There was also a (maybe) scam going on with the port captains where I was there. You had to purchase a permit from them. There was a great deal of question about the legitimacy of the permits. Since I was on an open ended cruise I purchased a permit for more days than I stayed. I was told that there were no refunds.

Finally - If you are from the US look at flying to Canada and then to Belize (not on a single itinerary.) For some reason flights from Montreal and Toronto to Belize City were very cheap compared to flights from the US - we are talking $1,000 less per flight. It was much cheaper to fly to Canada and then pick up a new flight to Belize then fly direct from the US. I don't know if this is still true but it is worth a look.

Fair winds and following seas.


----------



## capecodda (Oct 6, 2009)

Chartered there once, probably about 10 years ago so consider that when evaluating the quality of this advice.

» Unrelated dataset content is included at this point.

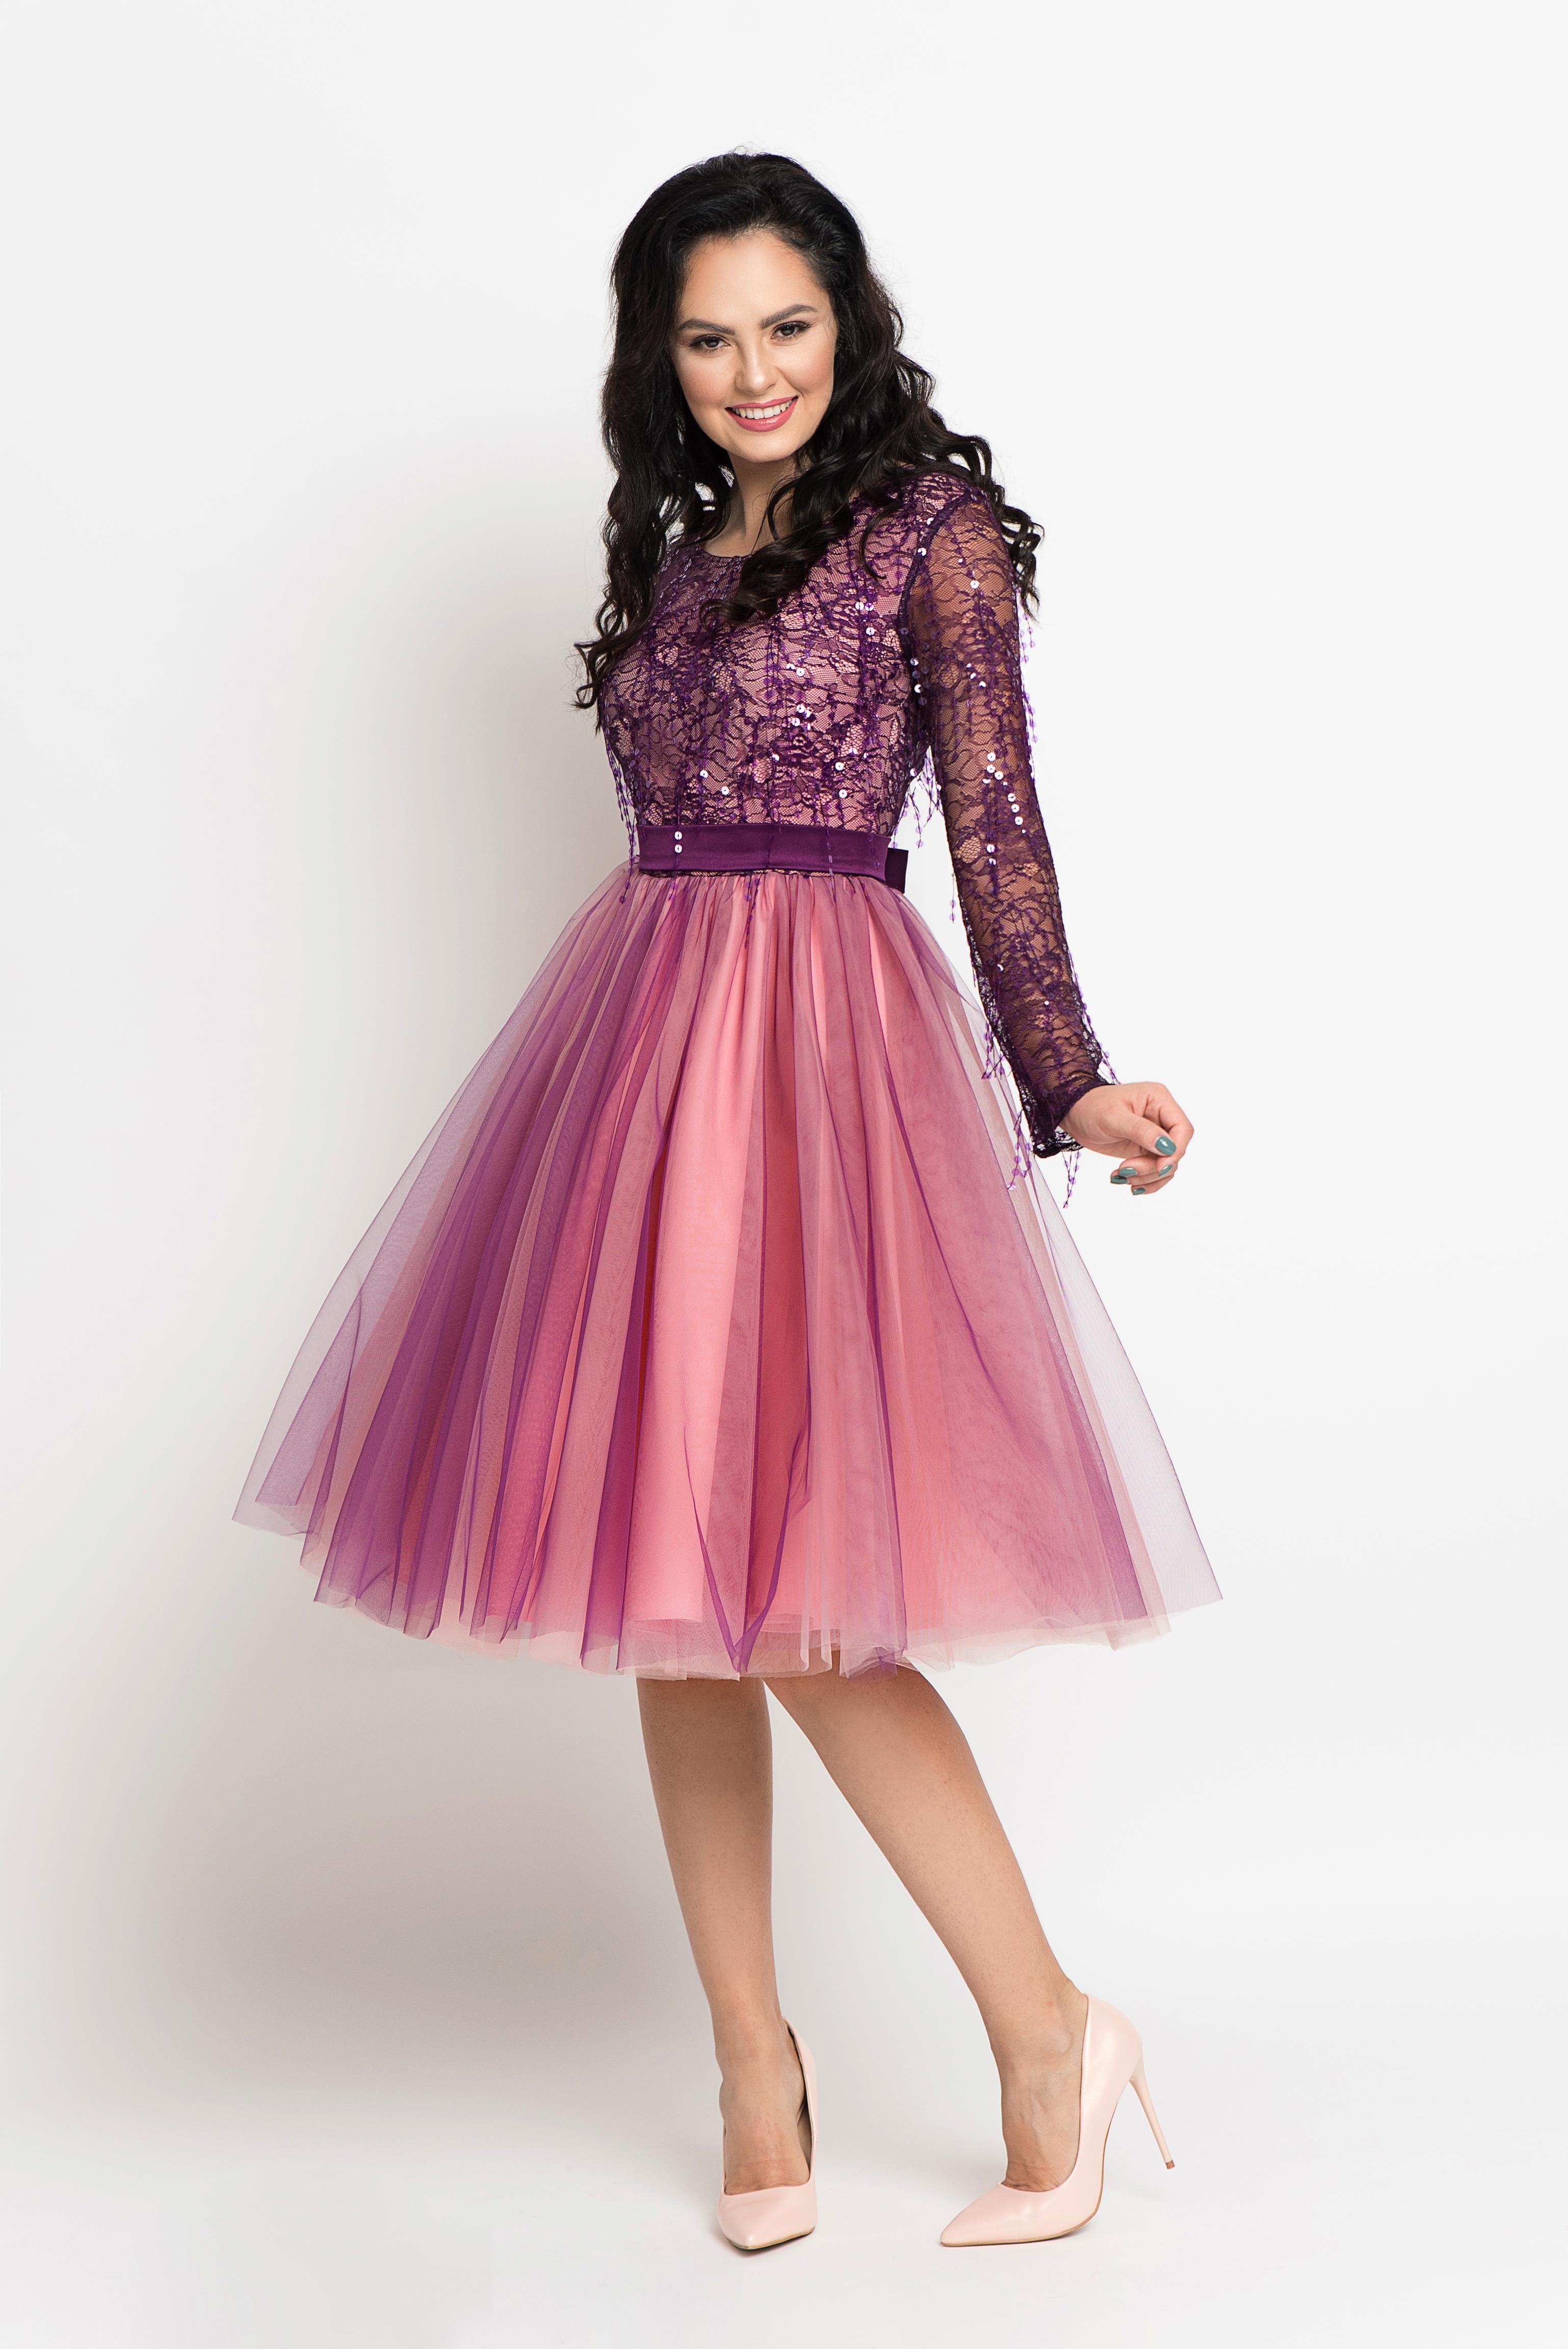 Violet Sequin Dress

It's shallow, agree with zephyr, we chartered a cat. Lots of time in 10 feet, had to get used to the thought that 10 feet is plenty. Mangrove islands. Some beautiful dive spots. Lots of quiet places. Not your BVI beach bar to beach bar trip.

IMHO it's not really a great place to "sail", not bad, but not great. You are mostly reaching in shallow, calm waters, behind the reef. Great bone fishing, hire a guide if you're into it. Not like the bonefish in the Florida keys that seem to be smarter than I am Scenic in a "mangrovie" kinda way, not a mountainous island kinda way. By saying it's not a great place to sail, I mean if you're looking for a rollicking sail between mountainous Caribbean islands, this ain't it, but no one's getting sea sick. I suspect you're not susceptible given your experience anyway!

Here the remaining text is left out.